16. LENGTH OF PROGRAM.
The length of a Program as used throughout this Agreement shall mean its full running time, including commercials, lead-ins and lead-outs as originally broadcast on television.
17. INDEMNITIES.
a. Licensor shall indemnify and hold harmless Licensee and its officers, directors, agents, affiliates and employees (the “Licensee Indemnitees”), from and against any and all liabilities, actions, claims, losses, damages and expenses (including reasonable outside attorneys’ fees and expenses) (collectively, “Losses”) caused by or arising in connection with (i) Licensor’s material breach of any representation, warranty, covenant or agreement made by Licensor in this Agreement or (ii) subject to Licensee fully complying with this Agreement, any agreement with any other person or entity, or any right of privacy, defamation or publicity, copyright or trademark (limited as to each to an action that may be brought under the laws of the United States) of any other person or entity, which in each case is inconsistent with, and solely to the extent that any of the foregoing interferes with, the rights expressly granted to Licensee hereunder. Notwithstanding the foregoing, Licensor expressly excludes any indemnification of any kind in regard to music contained in the Program licensed hereunder, except for indemnification with respect to Licensor's breach of the representation in the first sentence of the Paragraph entitled MUSIC hereinabove.
b. Licensee shall indemnify and hold harmless Licensor and its affiliates and its and their officers, directors, agents, affiliates, licensors and employees (the “Licensor Indemnitees”), from and against any and all Losses caused by or arising in connection with (i) Licensee’s breach (or alleged breach) of any representation, warranty, covenant and/or agreement made by Licensee in this Agreement, (ii) Licensee’s breach of any of its payment obligations, (iii) the exhibition of any Program by Licensee, (iv) advertising, marketing and/or promotion related to Licensor, its affiliates or any Program conducted, developed, used, published, distributed, disseminated or authorized by or on behalf of Licensee or (v) any other material supplied or permitted by Licensee to be used including, without limitation, any material added, deleted or modified by any person or entity other than Licensor after delivery of the Program to Licensee.

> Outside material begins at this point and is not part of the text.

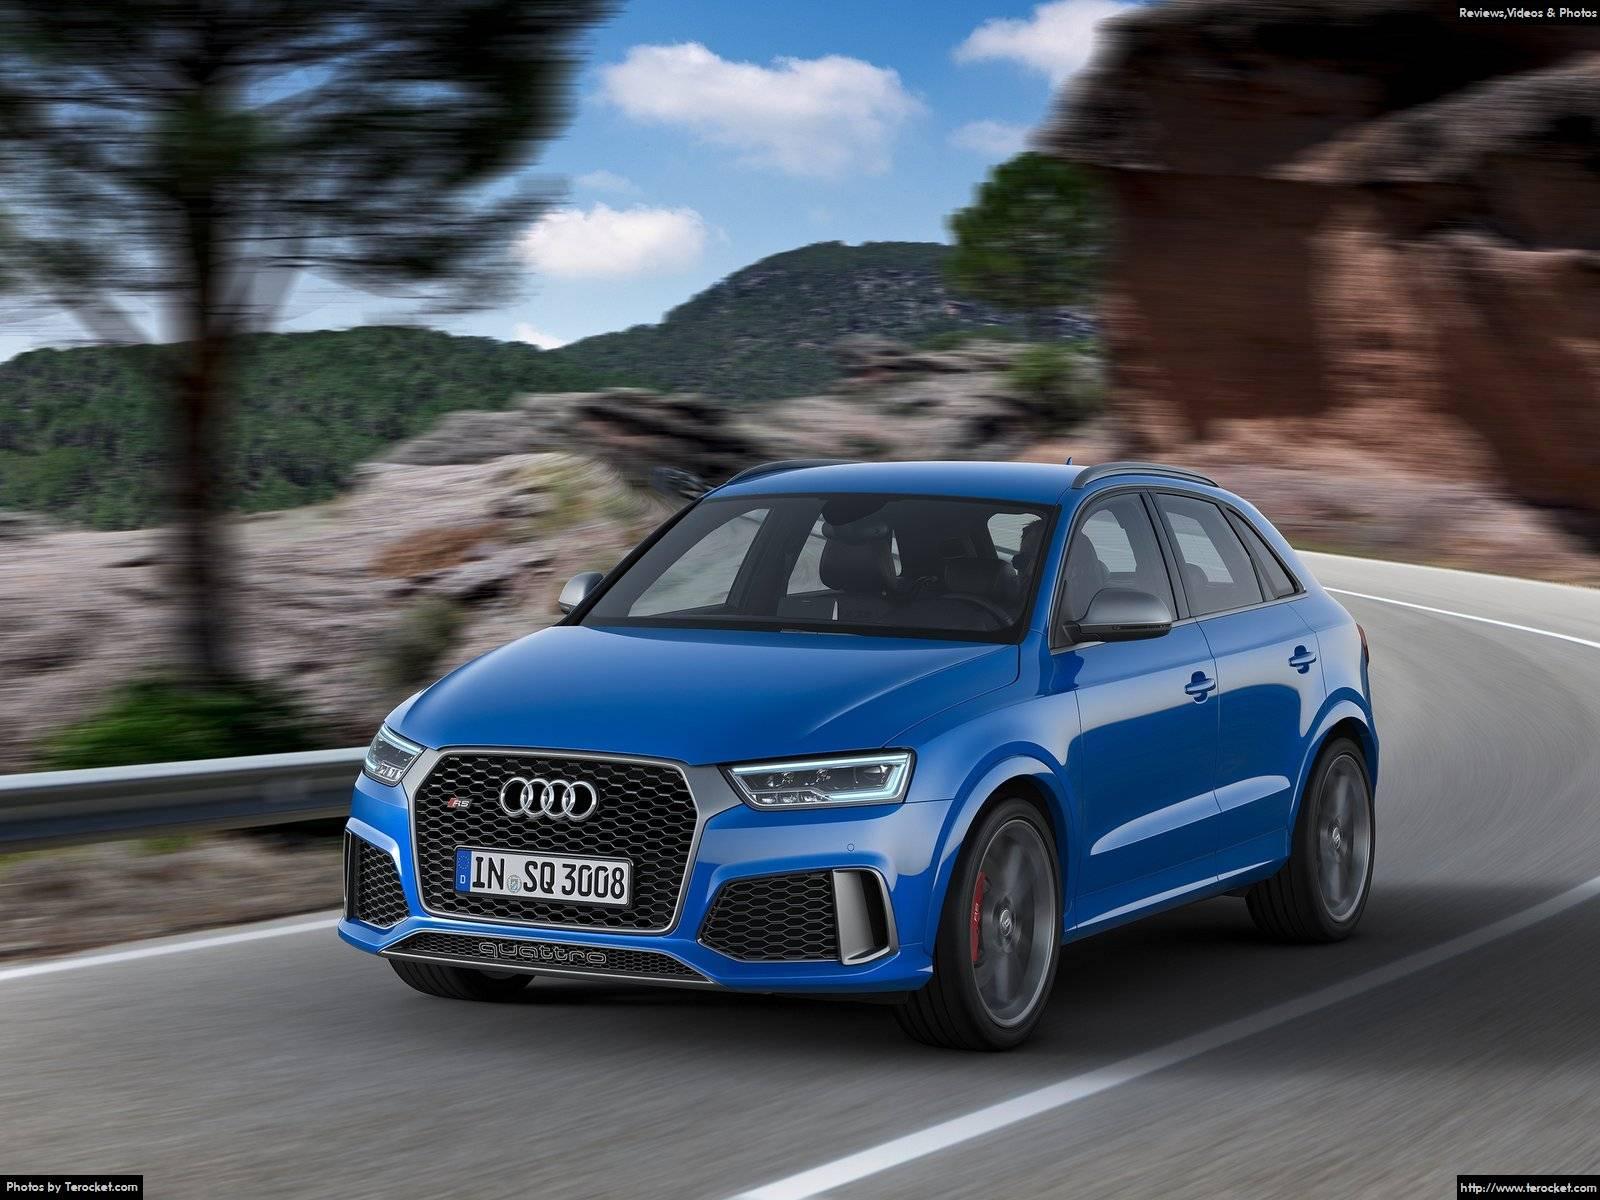 Hình ảnh xe ô tô Audi RS Q3 performance 2017 & nội ngoại thất

c. The indemnified party shall promptly notify the indemnifying party of a matter giving rise to an indemnification obligation hereunder, and the indemnifying party may at its option assume the defense of such claim, in which case the indemnified party shall reasonably cooperate in the defense thereof. No settlement or compromise of the matter or admission of liability may be made by the indemnified party without the indemnifying party’s prior written consent.
18. WITHDRAWAL OF PROGRAM.
Licensor may, in its sole discretion, withdraw any Program licensed hereunder if Licensor determines that (i) the telecasting thereof would or might (a) infringe upon the rights of others; (b) violate any law, court order, government regulation or other ruling of any governmental agency; (c) interfere with the actual or contemplated use of the Program licensed hereunder (including, but not limited to, any theatrical (re)release or remake of, spin-off, or any prequel or sequel to such Program) or the material or rights contained therein, for any purpose in the Licensed Territories other than as specified in the foregoing Paragraph entitled EXCLUSIVITY/HOLDBACK; or (d) subject Licensor to any liability; or (ii) the preprint material, negatives or otherwise, for the Program is unsuitable for the making of a videotape copy.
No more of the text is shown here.